Additionally, allow TCR violations to be pushed through, but present these violations to the user (something along the lines of [Platform] has detected multiple issues with this game that may affect your gameplay experience, get more information by visiting [website])

I know as a user I would love to see more feedback on an apps quality from most platforms. If Apple/Google/Microsoft/Sony gave me direct feedback on the issues a game has, and if that influenced my decision to try an app, it would inherently push developers to build safer, higher quality apps.

But, I digress. For GTAO, my first attempt at entering the game had me waiting 10 minutes before I decided to exi out to Dashboard.

I relaunch the game. Now, this was shitty because the “Press A to go Online” option disappeared way too quickly, so I had to wait for the story mode to load, which figuratively takes forever.  The option to go Online should be there at all times.

If there is a technical limitation to always presenting the Online option while loading the Story Mode, then there should be a selection menu allowing the user to select which mode they want to play before anything loads at all. This allows better context for the user and does not cause any wasted resources/processes to be run.

My second attempt I was presented with a blurred city-scape screen with a “Waiting for Other Players” notification in the bottom. This differs from my first attempt, where I saw my avatar standing in a lobby room with a “Launching Session” notification. Other avatars were streaming in and out as they connected/disconnected with the session.

Speaking of the notification, a real gripe I have with Rockstars’ UI choice for notifications is how small and out of the way they always are. On a decent size flatscreen I have trouble seeing the messages, and since tutorial notifications are only shown once, I miss a lot of vital information.

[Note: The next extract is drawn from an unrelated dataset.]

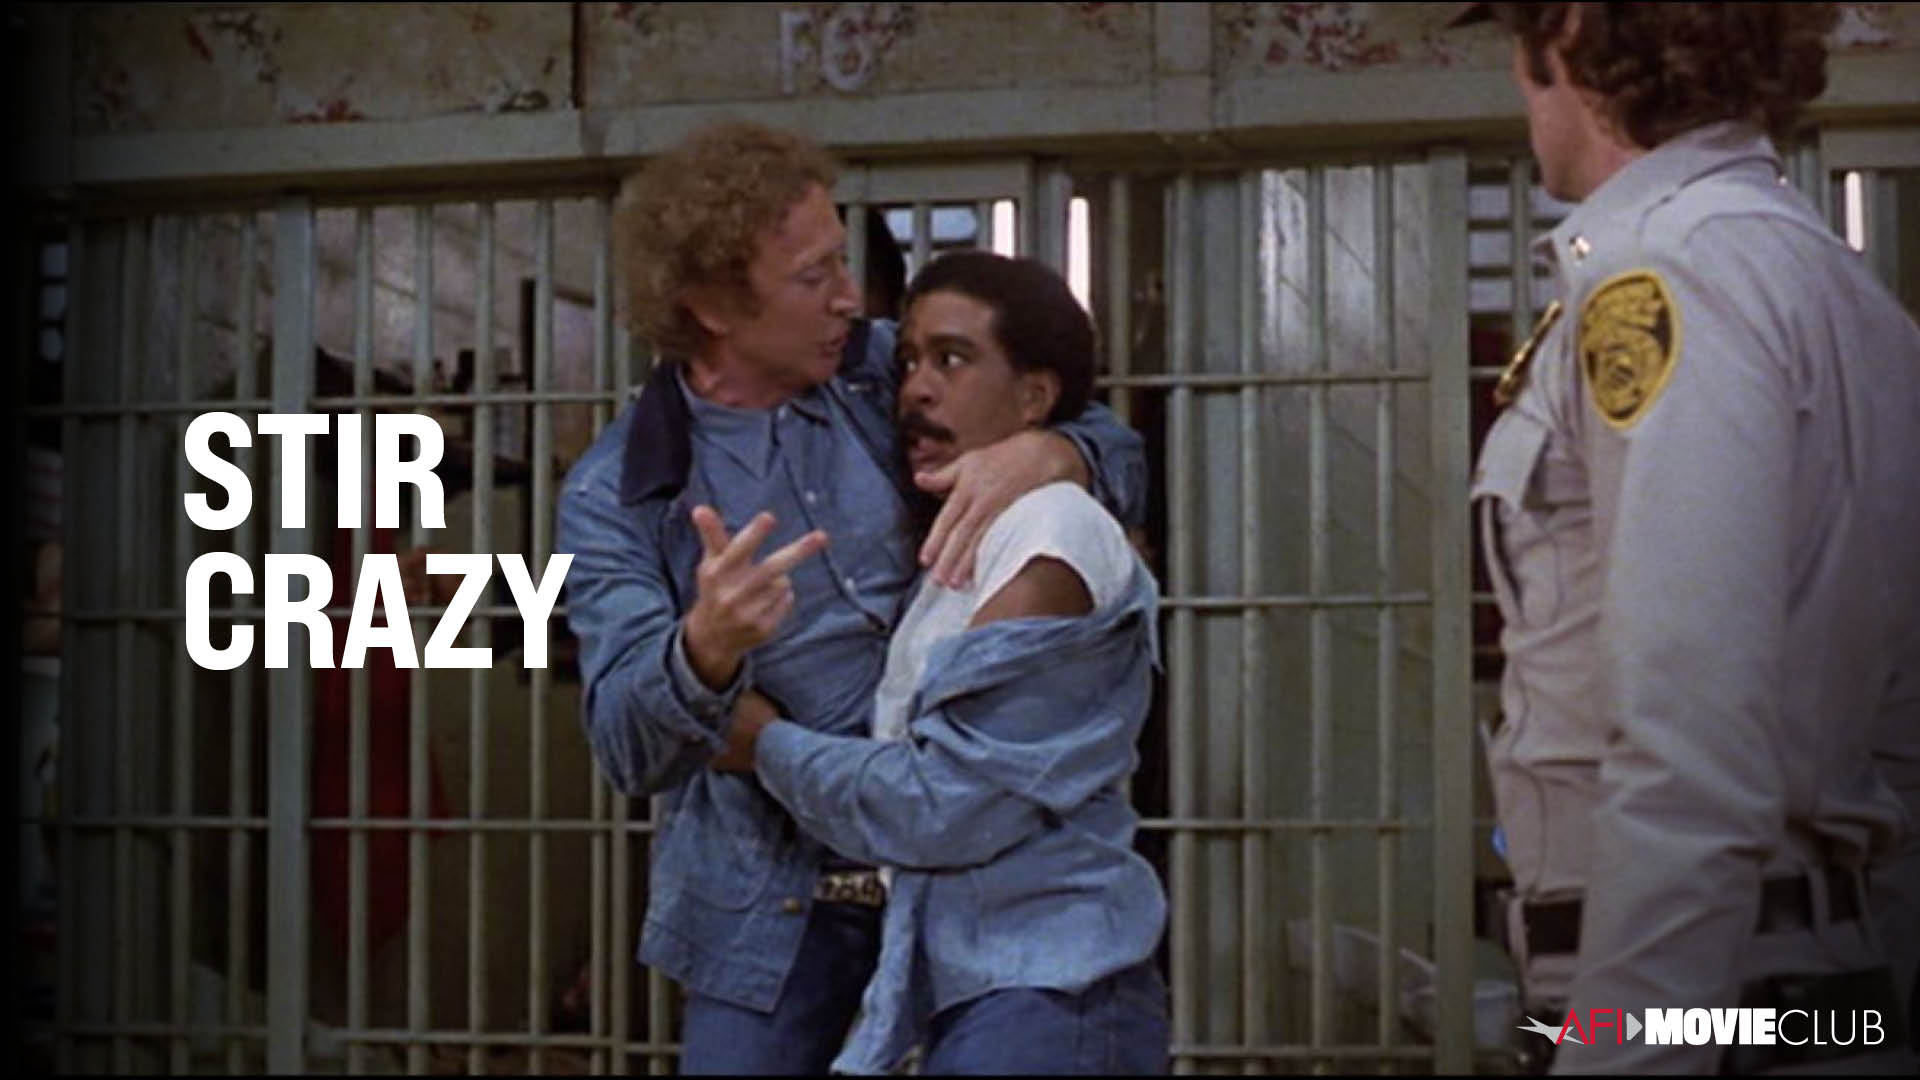 Stir Crazy Film Still - Gene Wilder and Richard Pryor

Now, this UI style is aesthetically pleasing, but aesthetics should never trump function- tutorials teaches the user how the game system works, and a user is more likely to monetize on a system they understand than they are a system they don’t.

The steaming avatar lobby idea itself is good, but its current iteration is underwhelming. All avatars streaming in did so facing away from the user and spawning as close to the spawn point as possible. This stacks all avatars together in a weird cultish huddle. I’d like to see multiple spawn points across the launch area, with prefab character animations dedicated to each spawn point:

- avatar drinking, smoking, conversing with other avatars, etc.

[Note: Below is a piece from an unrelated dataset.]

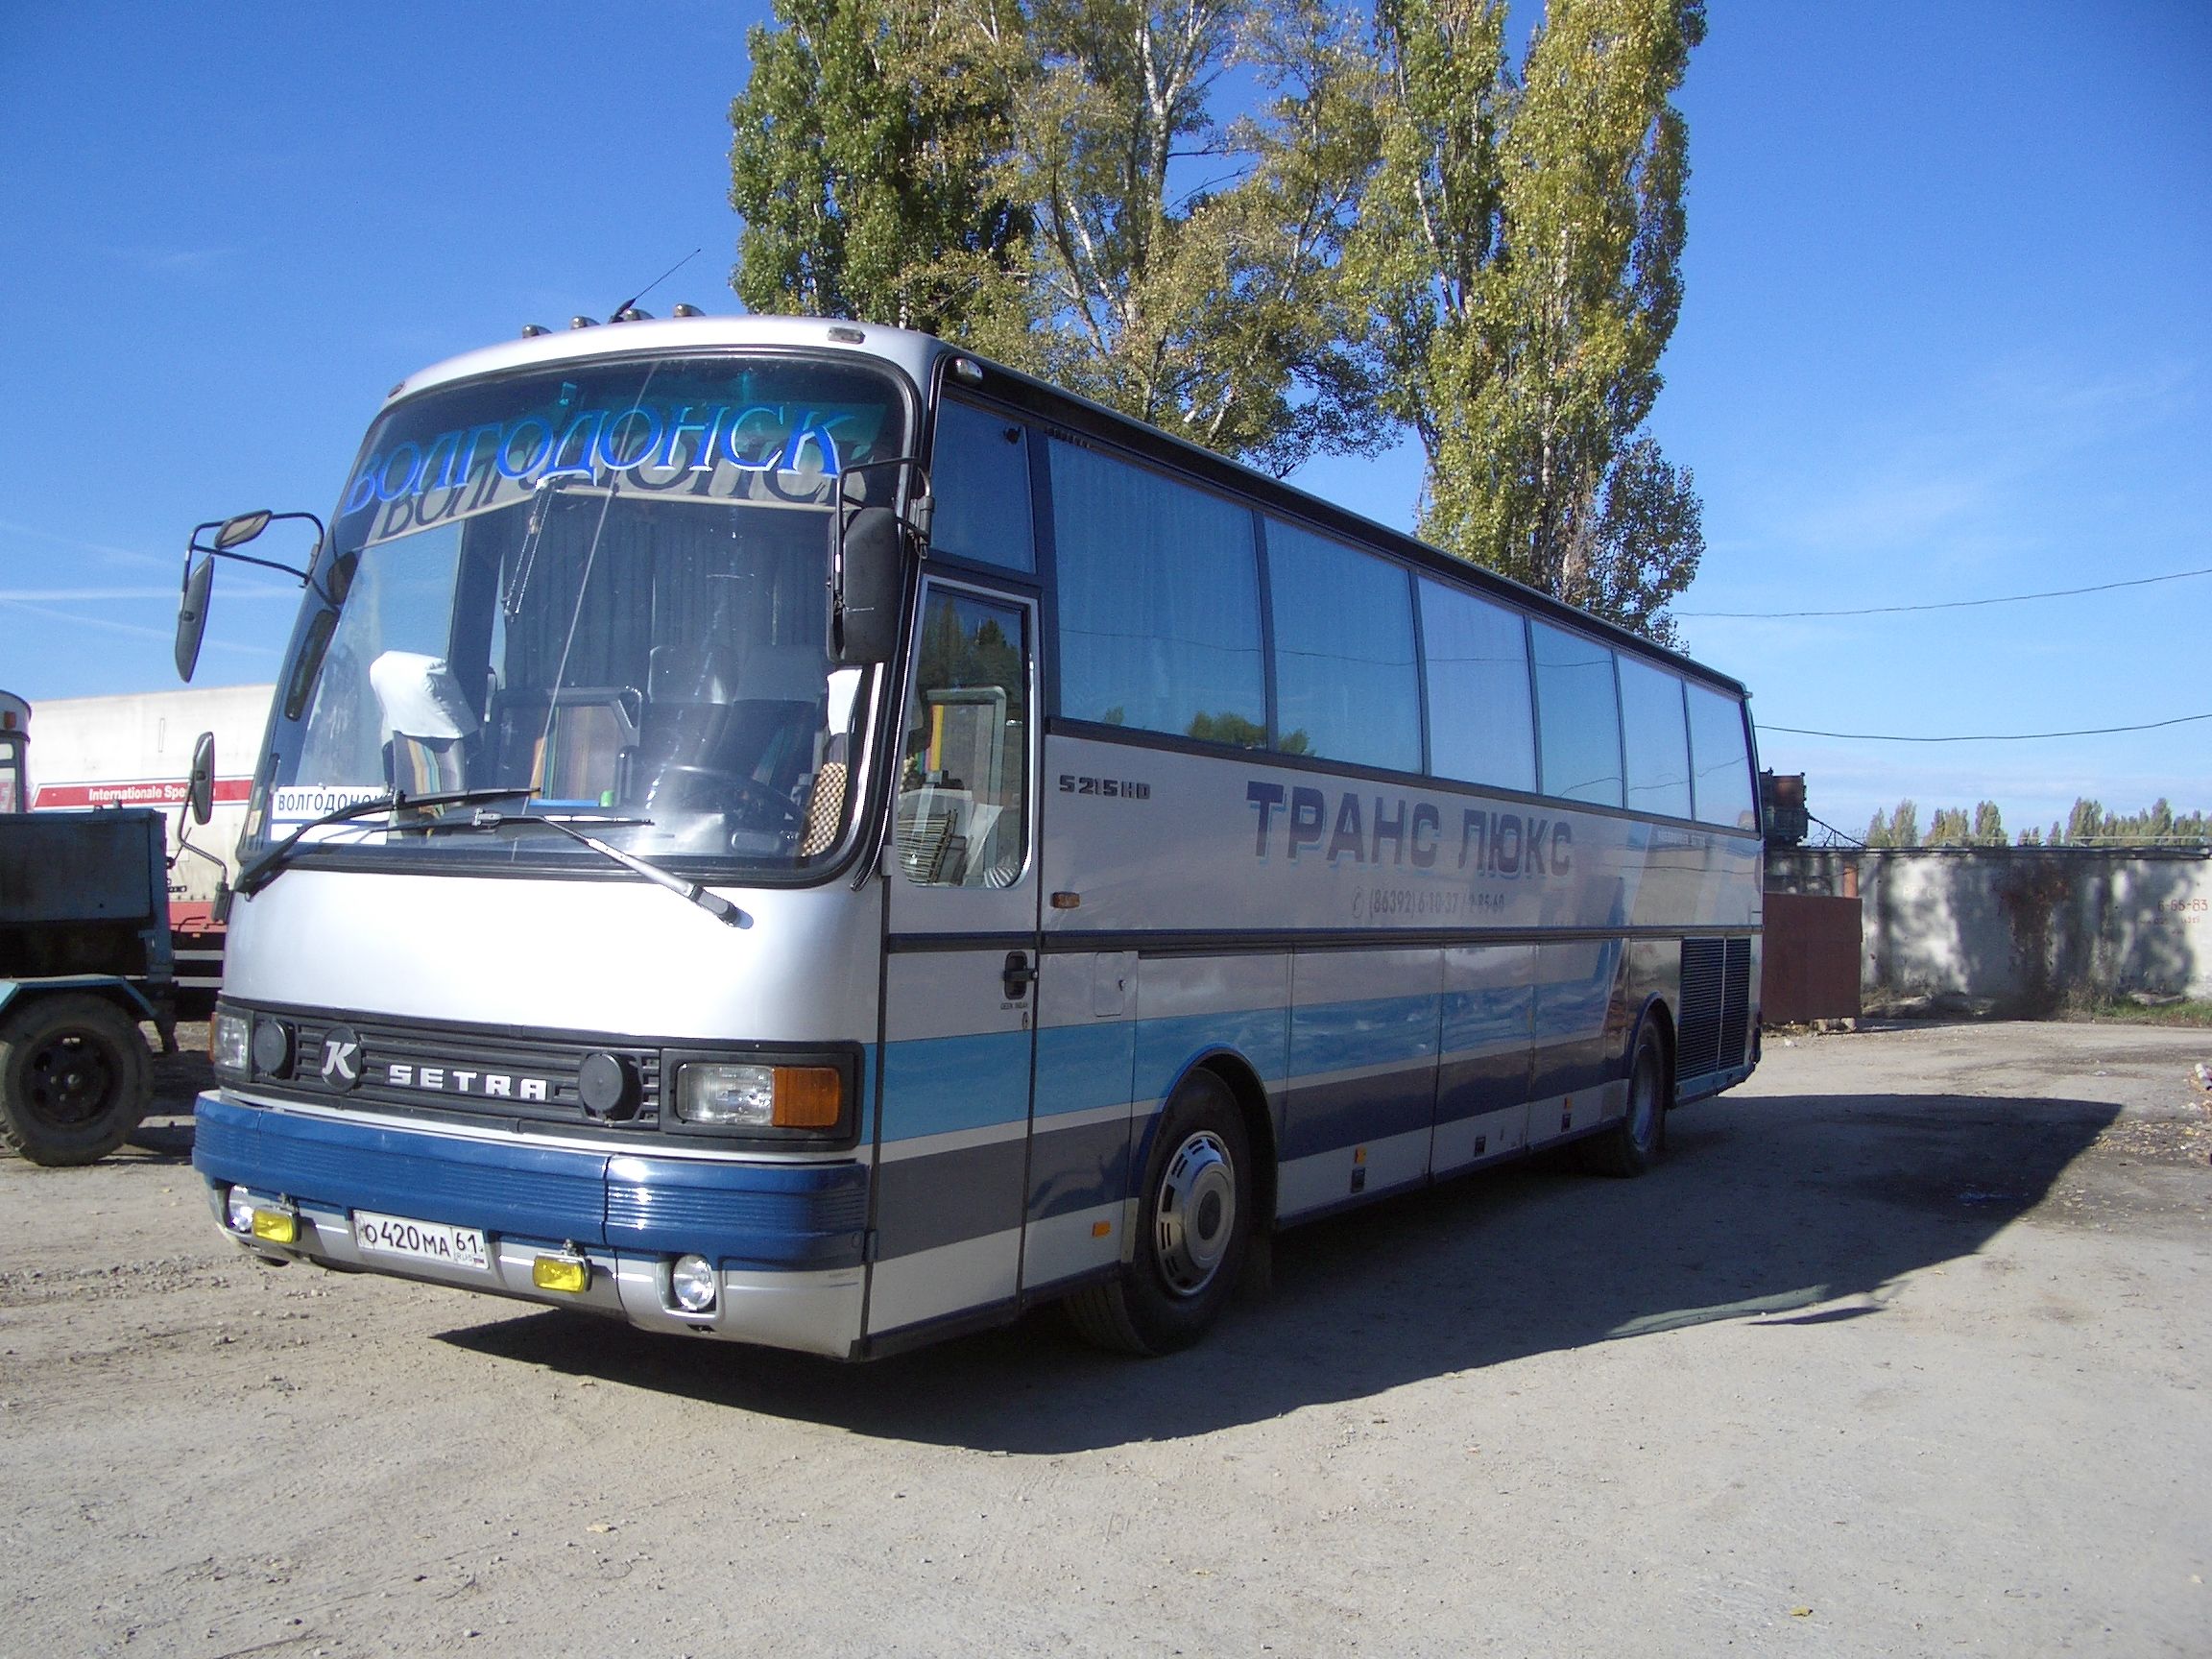 translux bus

- avatars huddled around an open car hood

Now, this idea may be invalid, as it may not fit in with the rest of the game system at all. But, this is as far as I have gotten in the game and I can literally not get past this point.

However, the fact that I am forced to do this race at all brings me to another rant- the fact that the GTAO tutorial on rails.

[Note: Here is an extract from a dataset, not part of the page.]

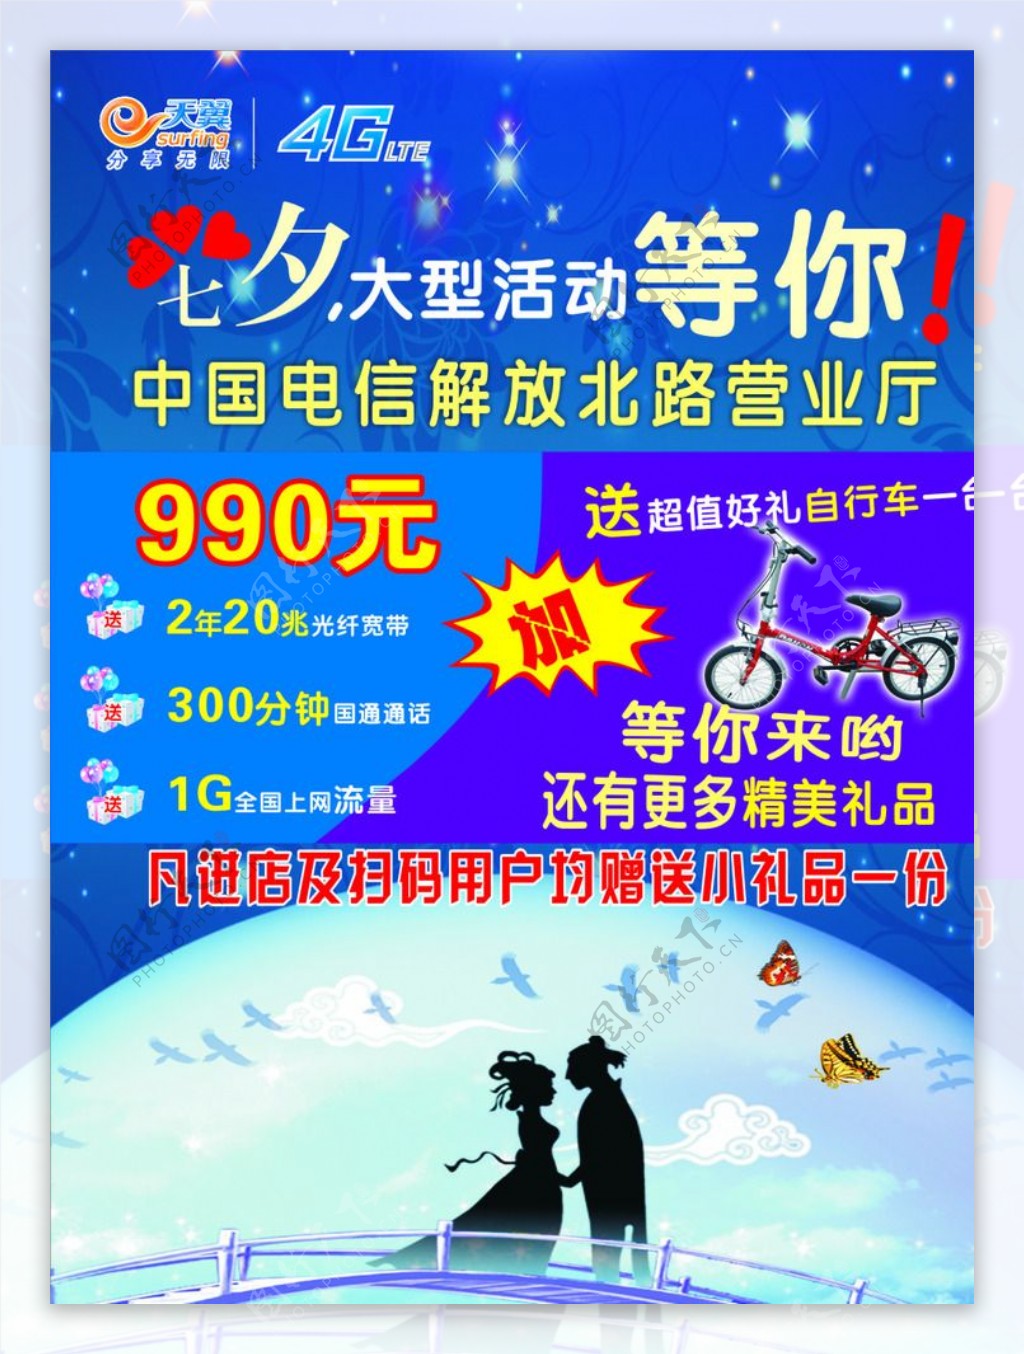 中国电信4G图片
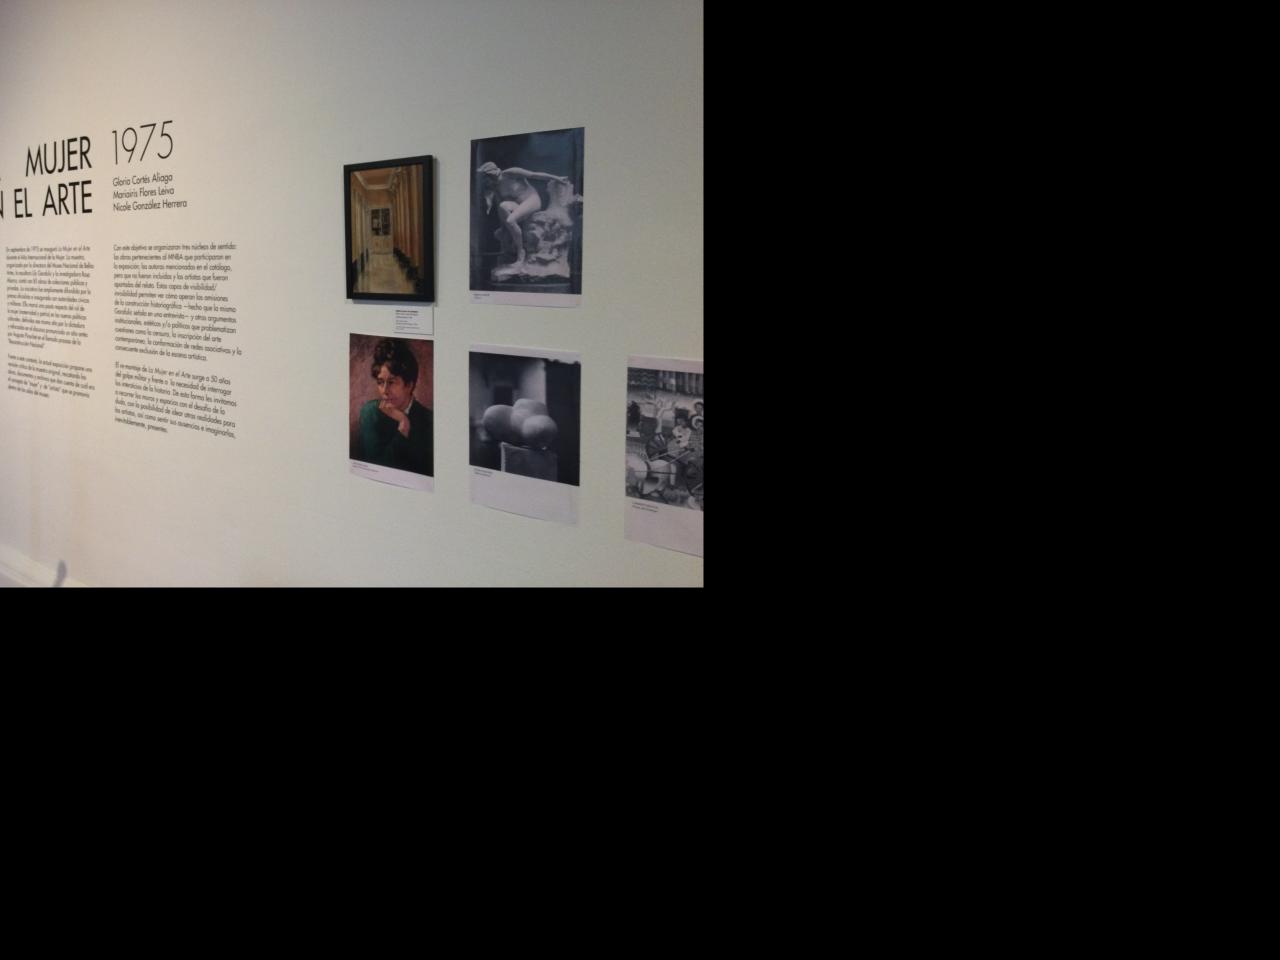 Una pared en la que dice “La mujer en el arte” bajo de esta se encuentra una breve descripción de lo que trata la muestra, al lado derecho del texto se observan 4 cuadros

See, Red Dead Redemption online gave me the expectation that I would be dropped into a Los Santos filled with the armed schizophrenics that are other people playing online. I was expecting that things like races and jobs were going to be things that the user could opt into. This may actually be the case but why would you not drop the player into the sandbox first and stumble upon the cool features you’ve put in the game. The feeling of joy stumbling upon a new feature is much more satisfying than being goose-marched through the tutorial. I personally believe in a game design tenant that the player should be in control, or the maximum illusion of control, at all possible times.

Rockstar is notorious for breaking this rule and putting any tutorial on-rails. It has cost Rockstar this time. The problem with it is that players could still be running around like RDR right now, and they could turn off any broken features as the players attempt to access them.

I will say though, that the music is pretty damn good during the tutorial, so good that the two hours spent writing this article I’ve left the game attempting to connect just for the music.

Now, this is just my experience and my opinions of what is otherwise a really good game. GTA Story Mode is worth the amount to purchase on its own right and I have nothing but for sympathy for the GTAO team- A team who I imagine haven’t slept in days fixing this issue. I hope to be able to buy them a coffee via a microtransaction soon.